Gerard was right I can do this if I just believe I can even though I would be lying if I said I did believe in me. I sigh to myself I turn around to look back down the hallway it seem like it was longer then it was. I had to push my fear away I had to do this I could do this.

“Alright I’ll give it a try, “I said while not taking my eyes off the hallway.

I started to slowly walk down the hallway it seems like the thoughts were becoming more real as each step that I took. I wasn’t going to let this stop me I had to face my fear someday and today was going to be that day. I was in the middle of the hallway just a few more steps and I’ll be at that spot, I stop to turn around to see Gerard still standing there with a smile on his face.

I turn back around facing the hallway once again fear was building up I could feel my hands start to shake. I wasn’t going to go insane I was not going to let this fear take over my life. I slowly started making my way down the hallway I finally reach the spot I froze my legs wouldn’t move anymore. I just kept staring at that spot the thoughts were still replaying in my mind, finally I snap out of it.

I took my eyes of the spot and look straight head all I had to do was keep walking and I would have finally face my fear. My legs started to slowly move again before I even knew it I was already at the end of the hallway I couldn’t believe it I finally face my fear. I turn to see Gerard smiling I could tell he was proud of me I was even proud of me, I finally face my fear.
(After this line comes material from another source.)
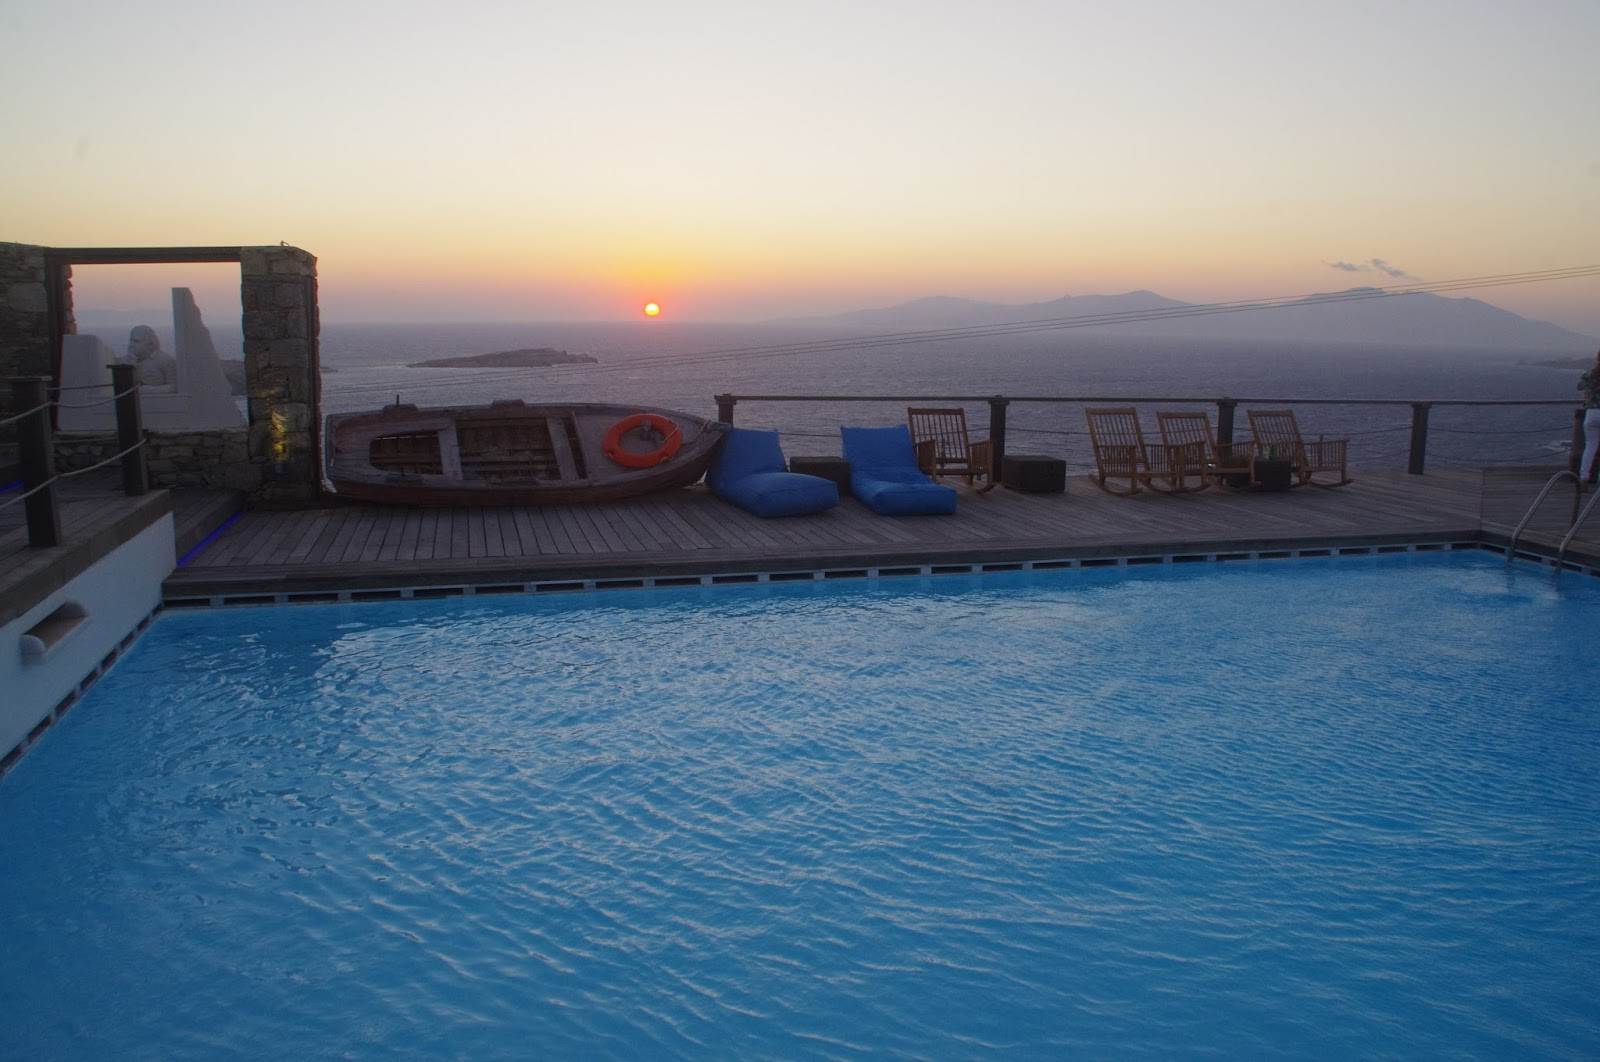 Tharroe of Mykonos Sunset over pool

I ran back down the hallway I reach Gerard and hug him, I couldn’t have done this without him pushing me and believing in me when I didn’t.

“I couldn’t have done this without you, “I said while still hugging him.

“I’m so proud of you, “He said.

“I’m proud of myself I still can’t believe I face my fear, I almost fear free. It won’t be long until I can finally leave this place and live my life as a normal person, “I replied while letting go of him.

“And I’ll be with you every step of the way, “He said with a smile.

Without Gerard, I don’t think I would have even tried facing all my fears I would still be in the asylum acting like an insane person going insane every time I was face with my fears. I still can’t believe I made it this far that I’m almost cured that finally one day I can live my life as a normal person, I can finally see the real world and not from behind a wall. One day that day will come and when it does, I will be ready.